= Jean Sindab =

International antiracist activist, scholar, and lobbyist

Jean Sindab (October 23, 1944 – January 8, 1996) was an international antiracist activist, scholar, and lobbyist. Sindab was executive director of the Washington Office on Africa from 1980 to 1986, a group that worked on influencing U.S. foreign policy on South Africa and Namibia's apartheid. Sindab was also a consultant for the King Center for Non-Violence and two United Nations agencies: the Council for Namibia and U.N. Centre Against Apartheid. In the late 1980s she moved to Geneva, Switzerland and was executive secretary and co-director of the Programme to Combat Racism of the World Council of Churches.

She returned to the United States briefly as an advisor to Jesse Jackson and the Rainbow Coalition from 1986 through Jackson's 1988 presidential campaign.

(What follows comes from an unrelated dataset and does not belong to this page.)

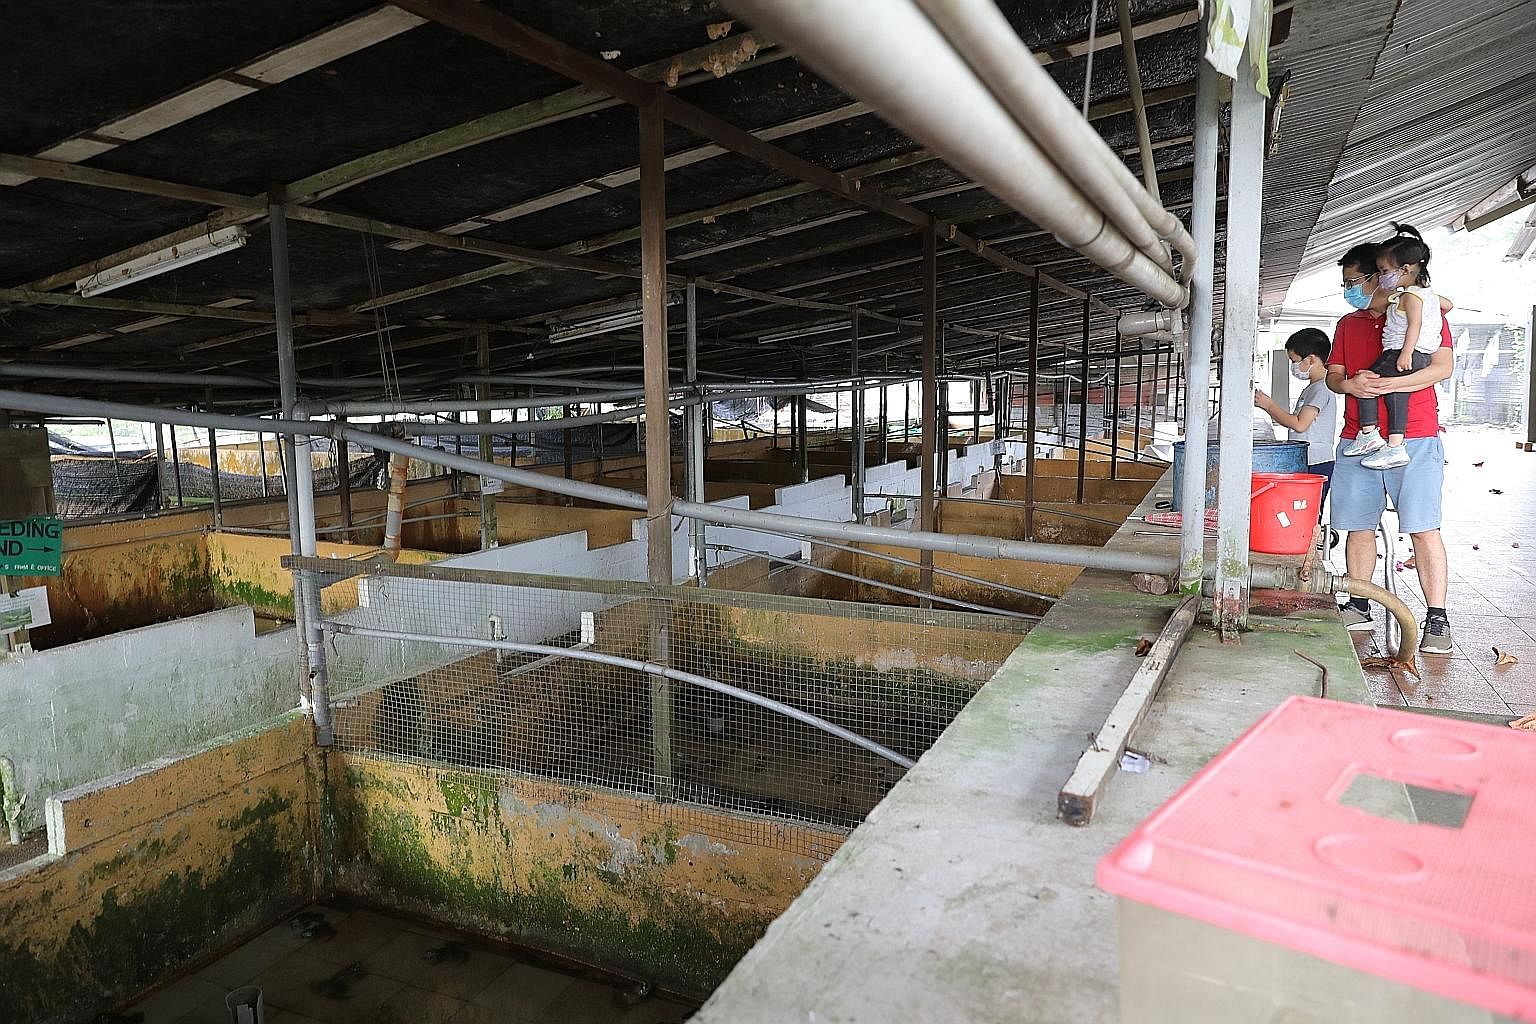 Ms Jean Woon, manager of Ser Poh Farm, which will be moving from Lim Chu Kang to a new plot in Sungei Tengah. The farm plans to double its beansprout output through the use of technology such as auto-irrigation systems. PHOTO: SINGAPORE FOOD AGENCY A

She returned to the United States for good in 1991 and continued her work with the National Council of the Churches of Christ.

Sindab was concerned with intersectionality and often spoke on the "interdependence between different forms of oppression, in particular race, gender, and class."

==Education==
Sindab did her undergraduate work at Hunter College. She earned master's degrees in Political Science and International Relations at Yale University, then completed her PhD in Political Science and Human Resources there in 1984. Her dissertation was titled The Impact of Expatriates on Zambian Development.

==Personal life==
Sindab was born Nellie Jean Pitts in Cleveland, Ohio and was raised in New York City, one of six sisters. She died from breast cancer in 1996. Her papers are held at the Schomburg Center for Research in Black Culture at New York Public Library.